2

i need to read a file from java which has 500,000+ lines and I was wondering whether there's anyway to speed the process up compared to my code:

    Scanner s1 = new Scanner(new FileInputStream(args[0]));
    while(s1.hasNextLine()) {
        temp += s1.nextLine() + "\n";
    }
    data = temp.split("\\s+");

It's fine at the start but after 200000 lines

temp += s1.nextLine() + "\n"

does end up taking a while. The final format I need is a string array of every word.

user2864154
  • 455
  • 2
  • 6
  • 15
  • 5
    StringBuilder is a better choice here for string append at least. – Juned Ahsan Jun 19 '14 at 02:32
  • This is only a guess, but the fact that String is a immutable object is likely the reason for this slow down (garbage collection is taking place). [`StringBuilder`](http://docs.oracle.com/javase/7/docs/api/java/lang/StringBuilder.html) or [`StringBuffer`](http://docs.oracle.com/javase/7/docs/api/java/lang/StringBuffer.html) would be a better choice and you should initialize it with a size close to what you think the final `String` is going to be. – Jared Jun 19 '14 at 02:33
  • 3
    If you want an array of every word, why are you appending in the first place? Simply read word by word and insert in array. – Tanmay Patil Jun 19 '14 at 02:47

2 Answers2

2

The reason for temp += s1.nextLine() + "\n" taking a long time is that you are generating a lot of strings. In fact, for N characters read, you are generating O(N) large strings, and copying O(N^2) characters.

The solution to (just) that would be to append to a StringBuilder instead of using String concatenation. However, that's not the real solution here, because the temp string is not your ultimate goal.
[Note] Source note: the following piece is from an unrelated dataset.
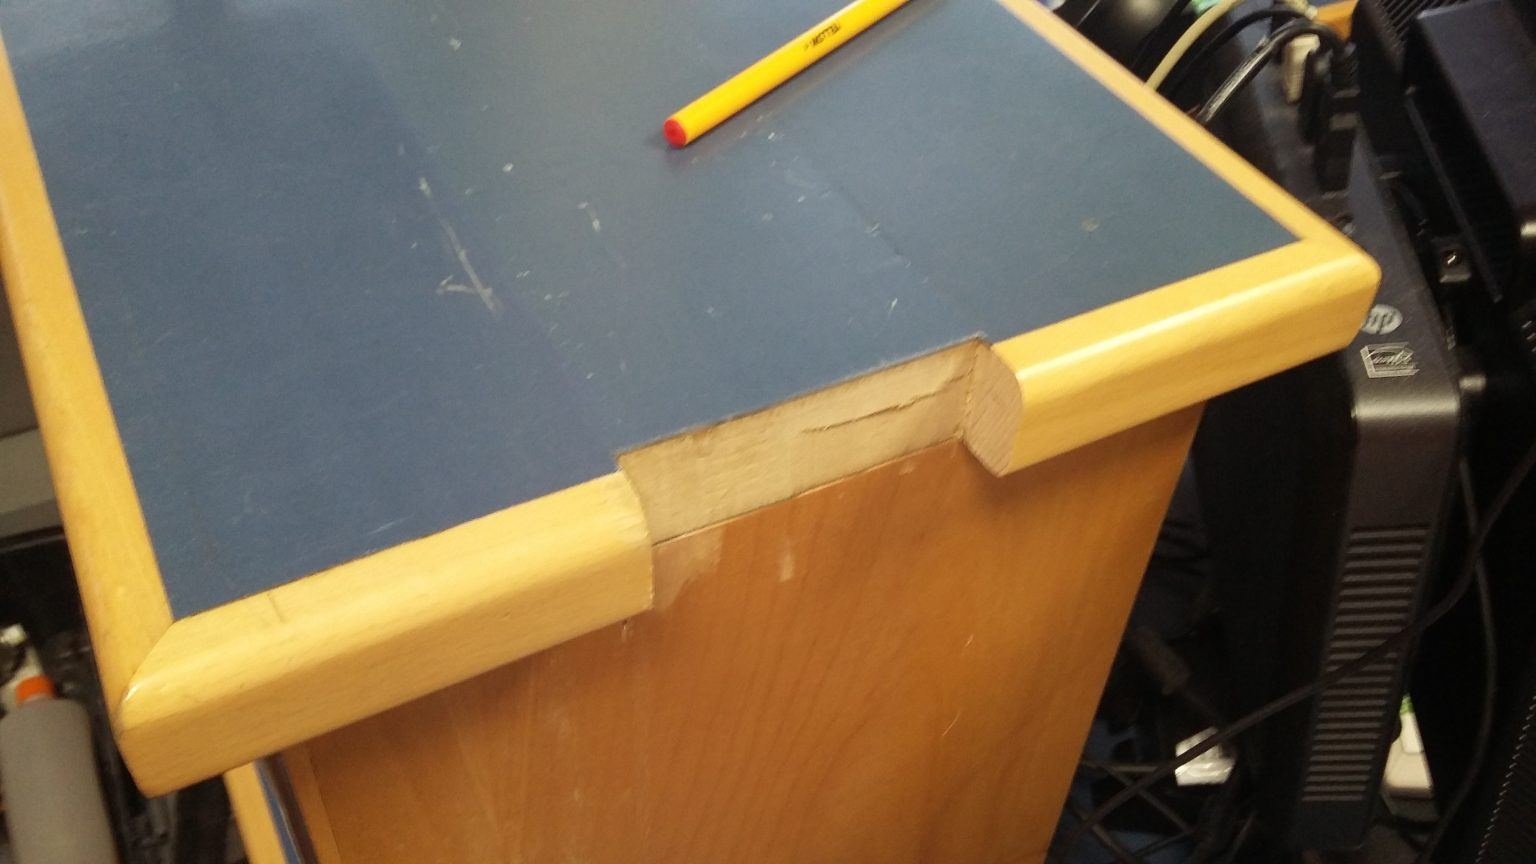 reception counter repairs and refurbishments  namco refurbs

Your ultimate goal is to create an array of words.

What you really need to do is to split each line into words, and accumulate the words. But accumulating them directly into an array won't work well ... because arrays cannot be extended. So what I recommend is that you do the following:

  1. create an ArrayList<String> to hold all of the words
  2. read and split each line into an array of words
  3. append the words in the array to the list of all words
  4. when you are finished, use List.toArray to produce the final array of words ... or maybe just leave the words in the list, if that is more appropriate.

The final format I need is a string array of every word.

I read this above as meaning that you want a list of all of the words in the file. If a word appears multiple times in the file, it should appear multiple times in the list.

On the other hand, if you want a list of the distinct words in the file, then you should use a Set rather than a List to accumulate the words. Depending on what you want to do with the words next, HashSet, TreeSet or LinkedHashSet would be appropriate.

Stephen C
  • 698,415
  • 94
  • 811
  • 1,216
0

Is it each word you are interested in? Or each line? Further, do you want the array to hold a string of each word or a string of each line..? Either way, as Stephen said, an ArrayList is a much nicer approach.

You could:

ArrayList<String> list = new ArrayList<>();

// each line as a string..
while (yourScanner.hasNextLine())
{
    list.add(yourScanner.nextLine());
}

// each word as a string..
while (yourScanner.hasNext())
{
    list.add(yourScanner.next());
}

String concatenation can be expensive, especially up at 200,00 words using a 'temp' variable solution...